## The task
I'd like the full listing transcribed exactly, with no images included.

## Given material

###

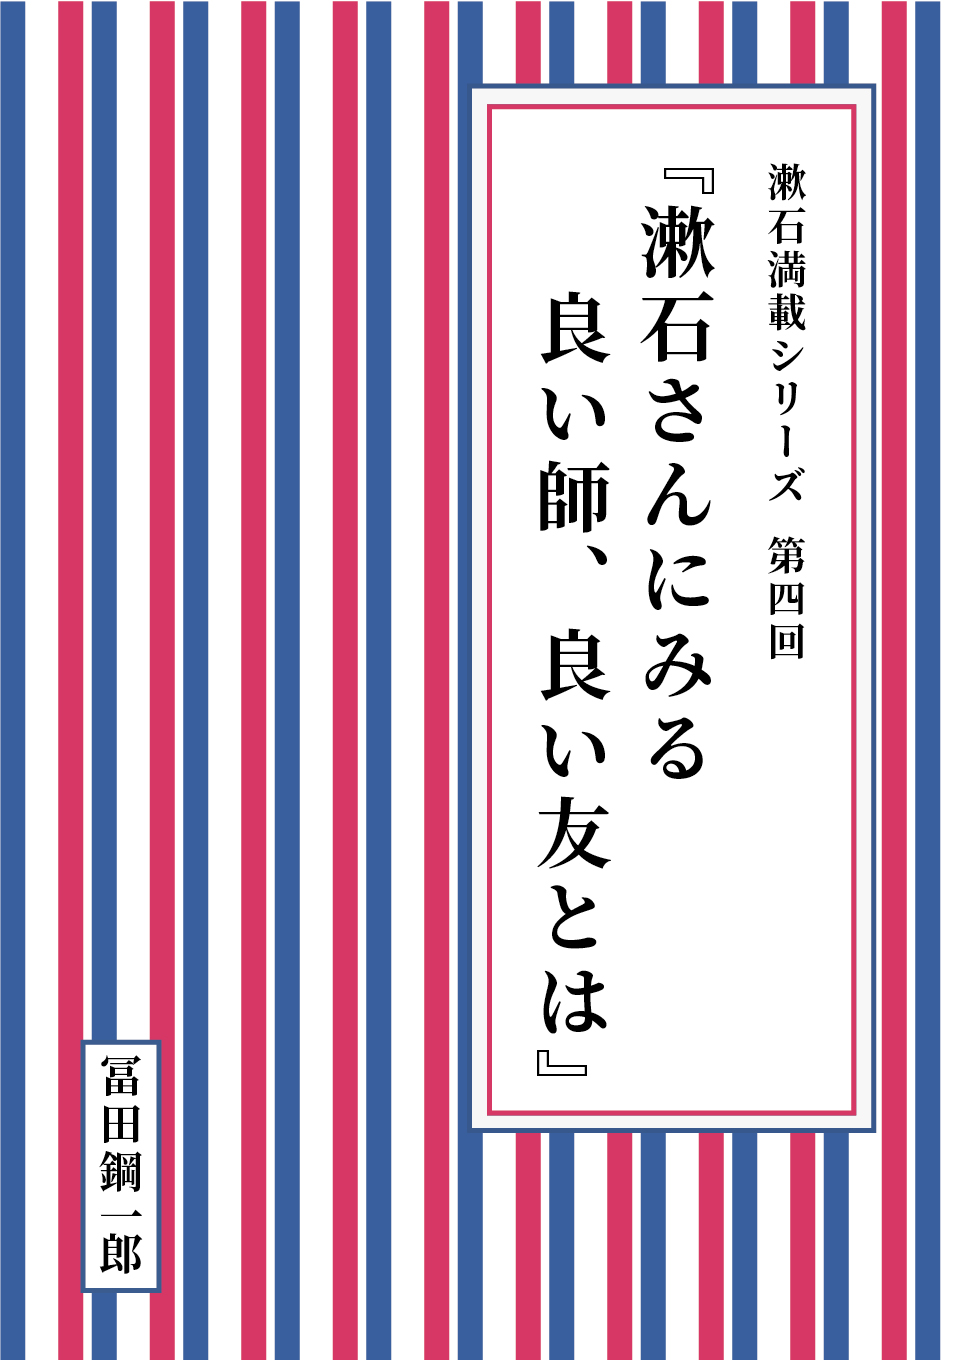 漱石満載シリーズ 第四回『漱石さんにみる良い師、良い友とは』
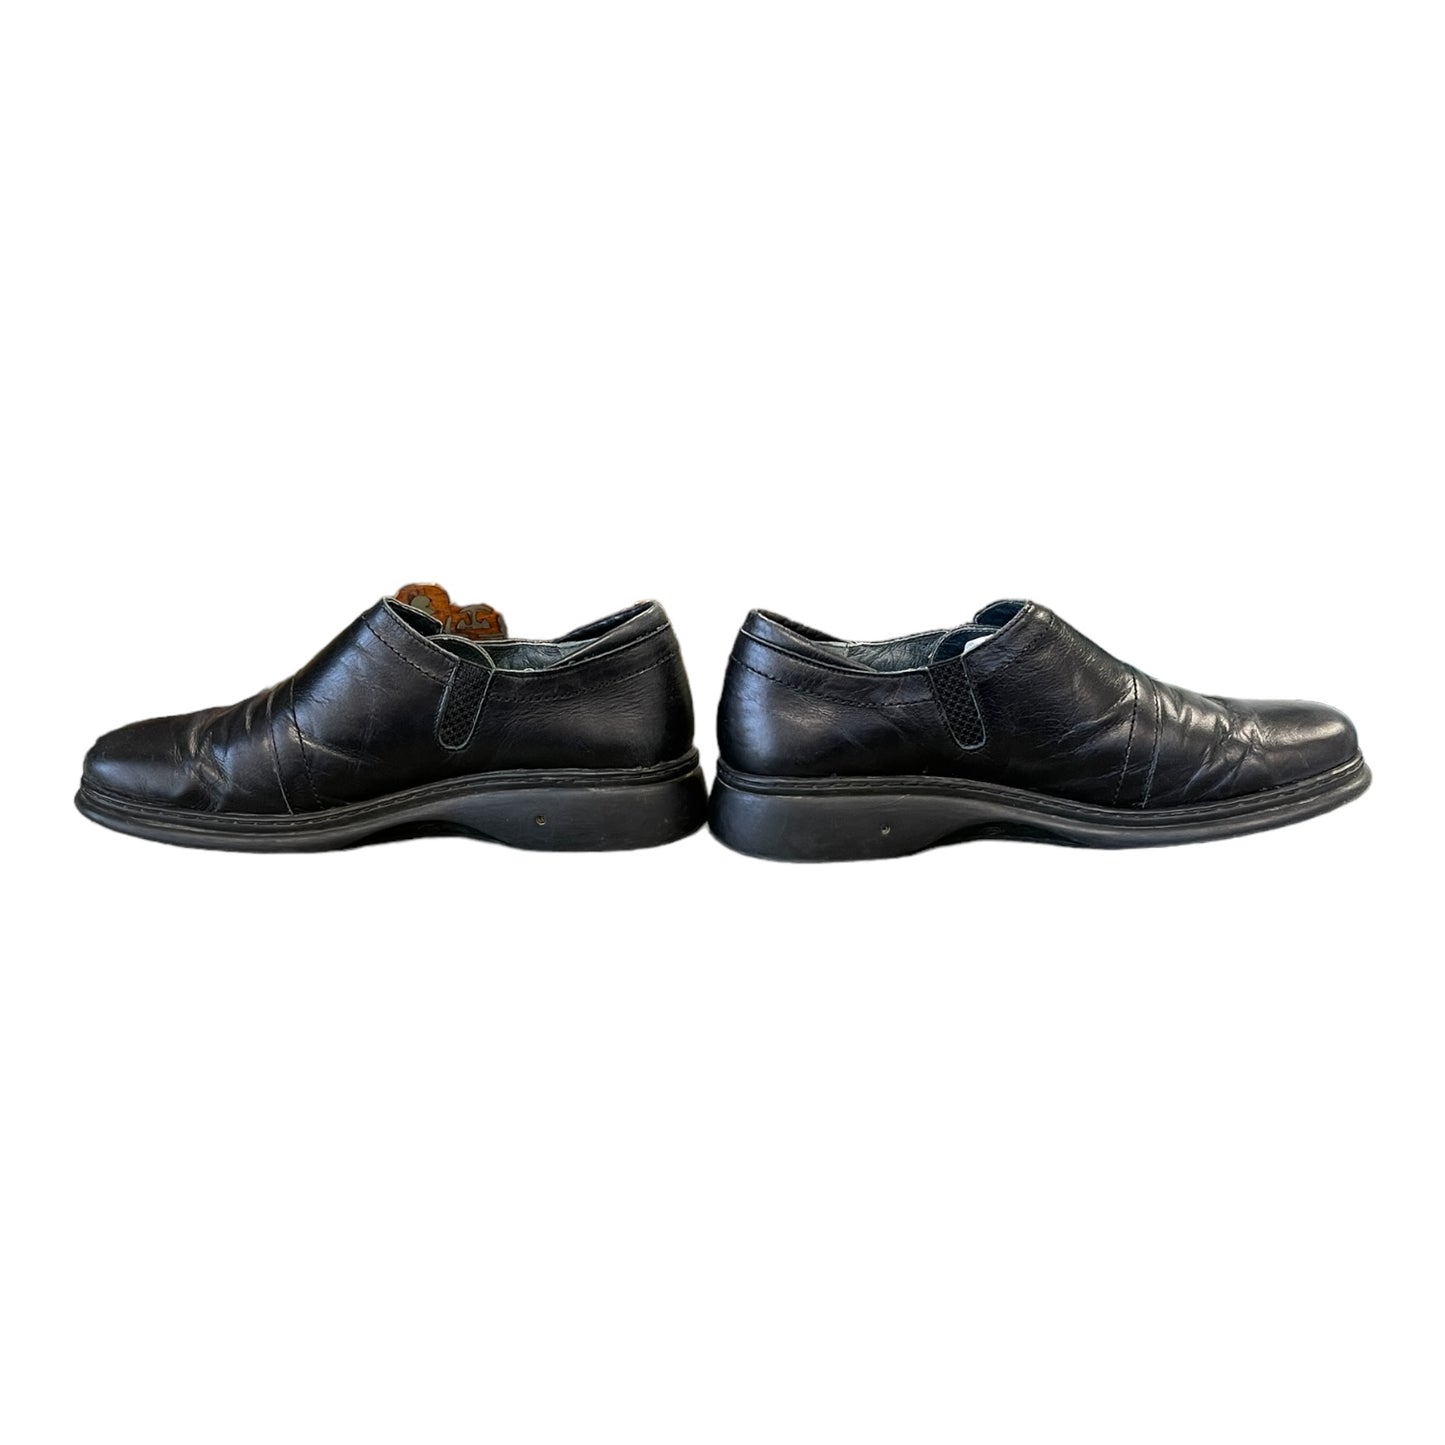 Helle Woman's Black Slip-on Shoe Size 42
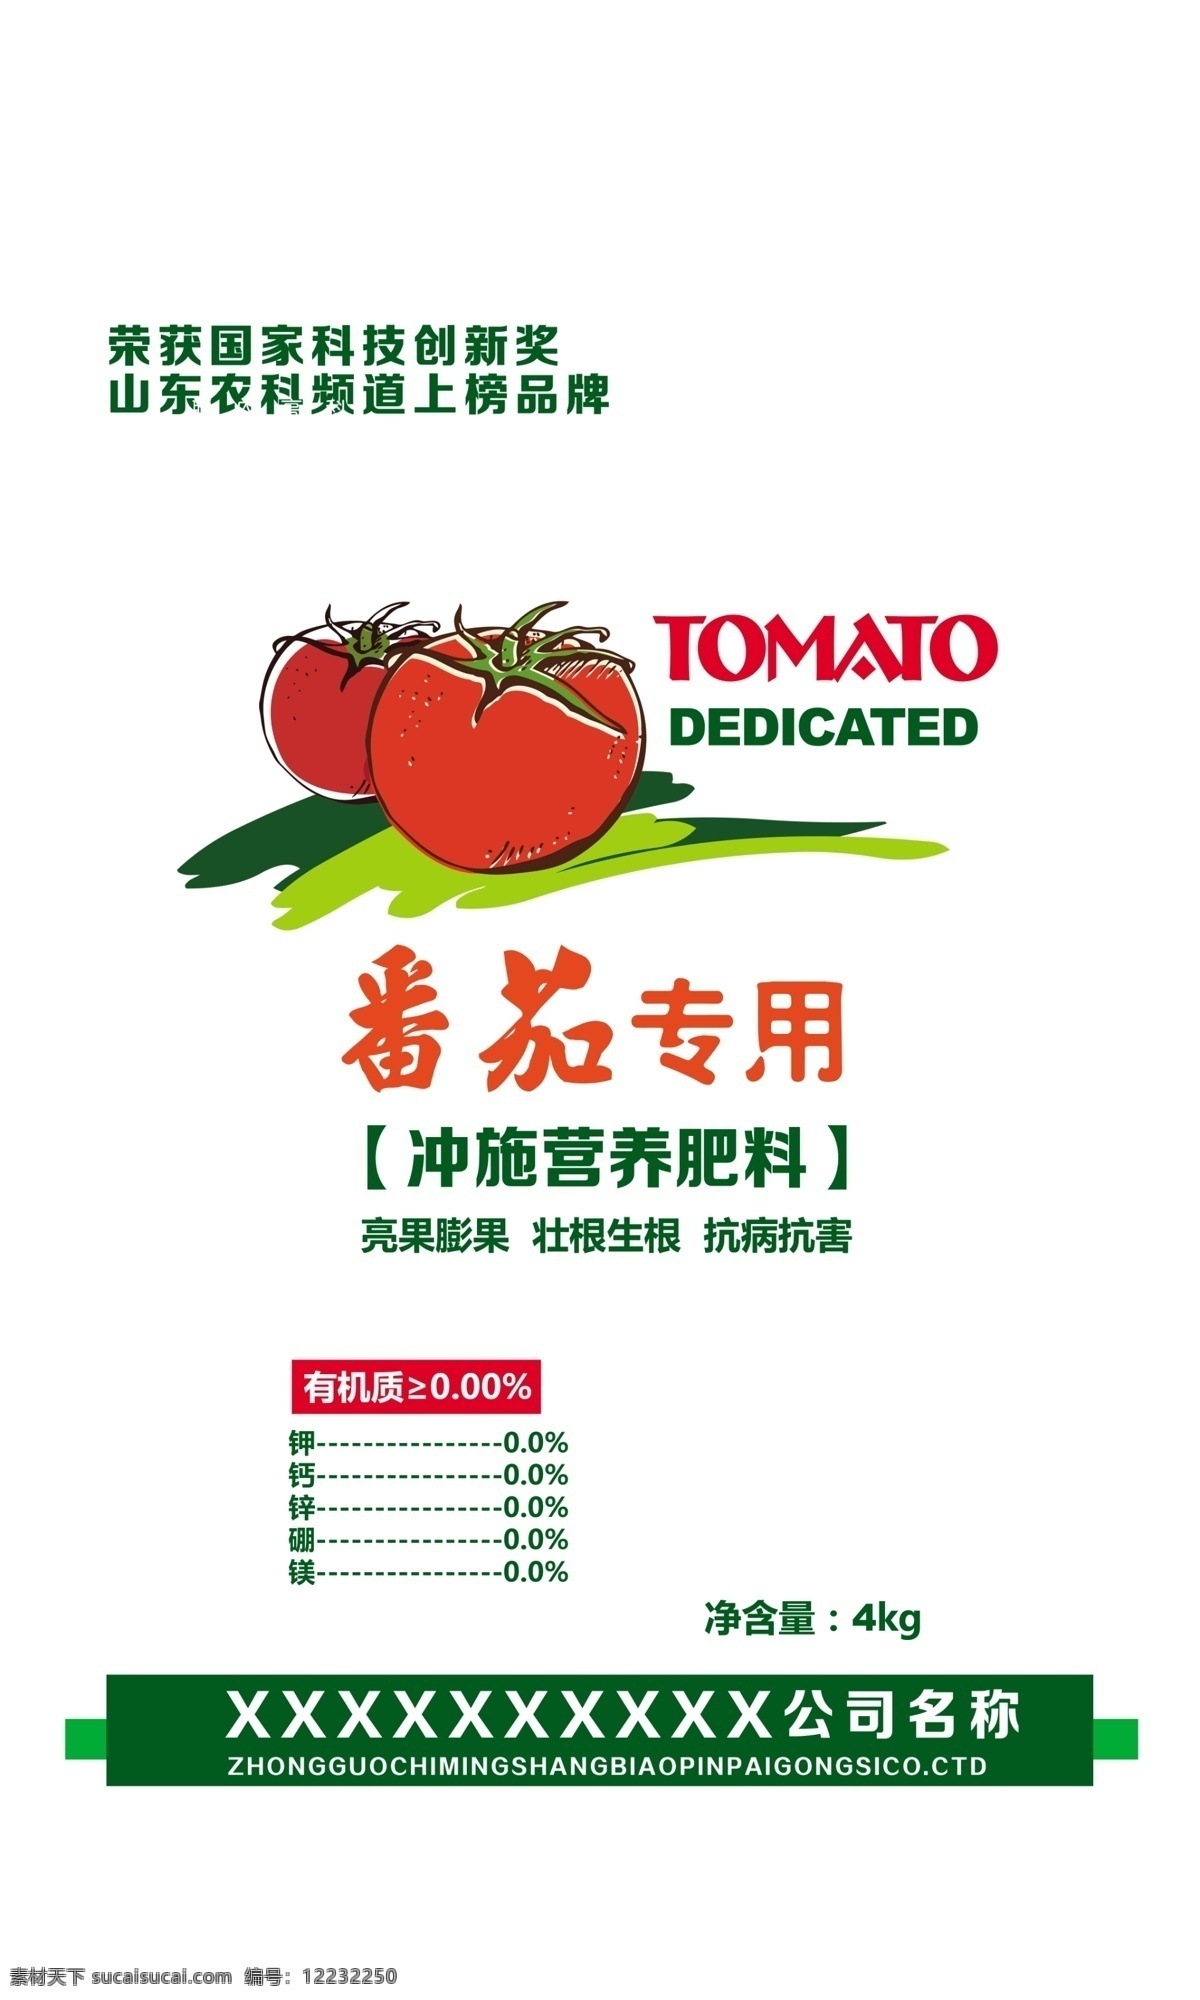 番茄 专用 施肥 番茄专用 冲施肥 化肥包装设计 包装设计 广告设计模板 源文件

###

## Response to this exercise
 漱石満載シリーズ 第四回『漱石さんにみる良い師、良い友とは』
 Helle Woman's Black Slip-on Shoe Size 42
 番茄 专用 施肥 番茄专用 冲施肥 化肥包装设计 包装设计 广告设计模板 源文件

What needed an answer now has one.